Good stewardship practices are not new to the ranching sector, he added.

“It’s something that we’ve been doing for the last 150 plus years on cattle ranches in Western Canada,” said Forbes. “And, you know, it’s about time that we’ve been recognized.”

The Alberta living lab projects will look at six areas: grazing management; livestock feeding; nutrient management; increasing carbon storage; land-use changes; and crop rotations and cropping systems. Alberta Beef Producers is one of 16 participants in the province, which includes Alberta Wheat and Barley, Ducks Unlimited Canada, research institutions and other organizations.

The $8.5 million for the ABP project will be spread over five years and is expected to involve 50 livestock and crop producers, who will test specific practices on commercial-scale operations.

“Project participants will be primarily located in three geographical regions: the Peace region; Edmonton/Central region; and Lethbridge region,” Alberta Beef Producers said in a release.

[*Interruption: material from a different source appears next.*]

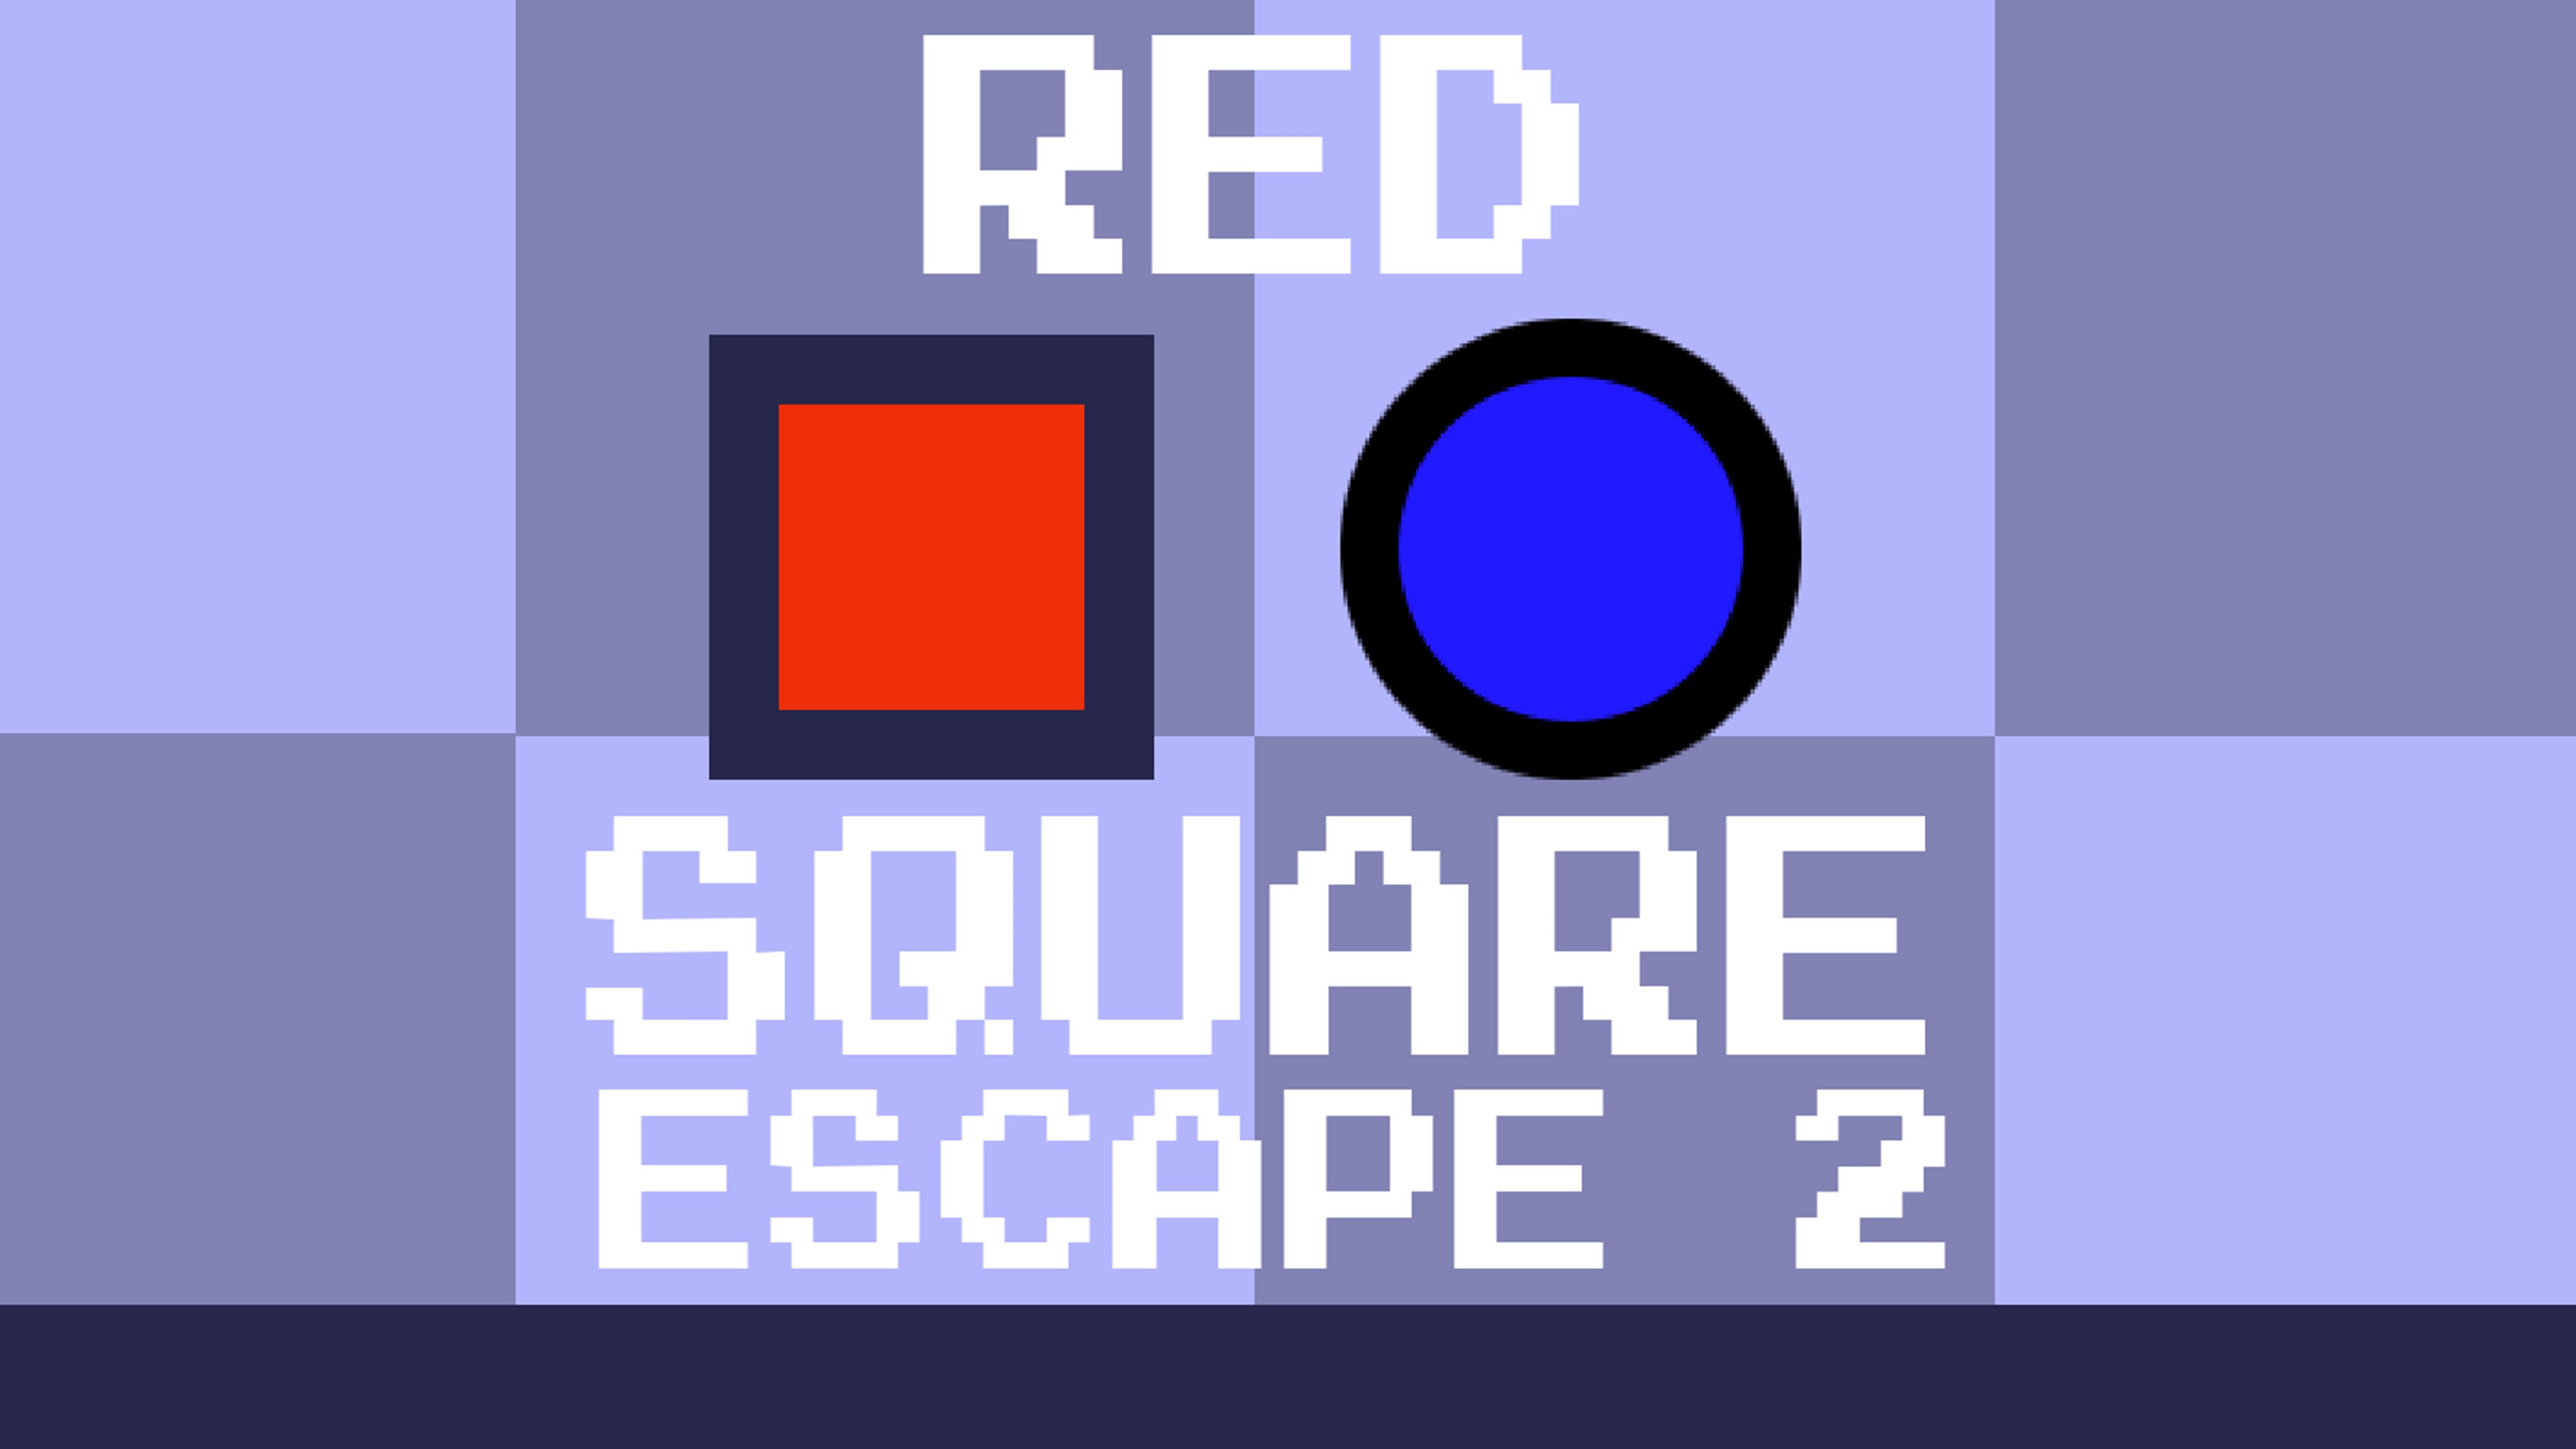 Red Square Escape 2

Living lab projects were first set up in Prince Edward Island, Manitoba, Quebec and Ontario and the latest funding announcements will see them established in the other six provinces. That includes the first Indigenous-led living lab: the Bridge to Land Water Sky project, to be operated west of Prince Albert by the Mistawasis Nêhiyawak and Muskeg Lake Cree Nation.

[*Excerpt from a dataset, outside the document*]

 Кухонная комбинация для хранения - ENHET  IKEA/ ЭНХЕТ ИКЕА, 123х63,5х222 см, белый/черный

Each of the labs will focus on “identifying innovative technologies and on-farm management practices that can be adopted by farmers nationwide to tackle climate change,” the government said.

More specifically, the new projects explored at each living lab are to focus on carbon sequestration and mitigating greenhouse gas emissions via development and testing of beneficial management practices (BMPs), which “could then be widely adopted across the region and country.”

The announced projects — and their exact final non-repayable funding — are still subject to negotiation of contribution agreements with the lead recipients, the government said, also noting more living labs will be announced in the coming year.

The living labs initiative has been around since 2018 and, at that time, the focus was on a wider range of environmental issues. Now it is specifically on reducing greenhouse gas emissions and sequestering carbon.

Another $7.7 million is going to the Alberta Conservation Association and Food Water Wellness Foundation, which are collaborating on a living lab to “improve soil health, reduce costs of production and sequester carbon in the soil using regenerative agriculture.”

This will include cover cropping, intercropping, relay cropping, adaptive multi-paddock grazing, use of perennials and animals in cropping systems, and feeding strategies to cut methane emissions.

And $6 million was pledged for the Peace Region Forage Seed Association, to look at “farms as a whole, including land management, economics and the social aspects of applying new BMPs” in the region.

Applicants seeking funding for living labs were required to form a network of partnerships within a province, such as with producer organizations and other agricultural not-for-profits, along with Indigenous organizations and environmental groups.

The goal, the government said, is to set up at least one such collaboration hub in each province.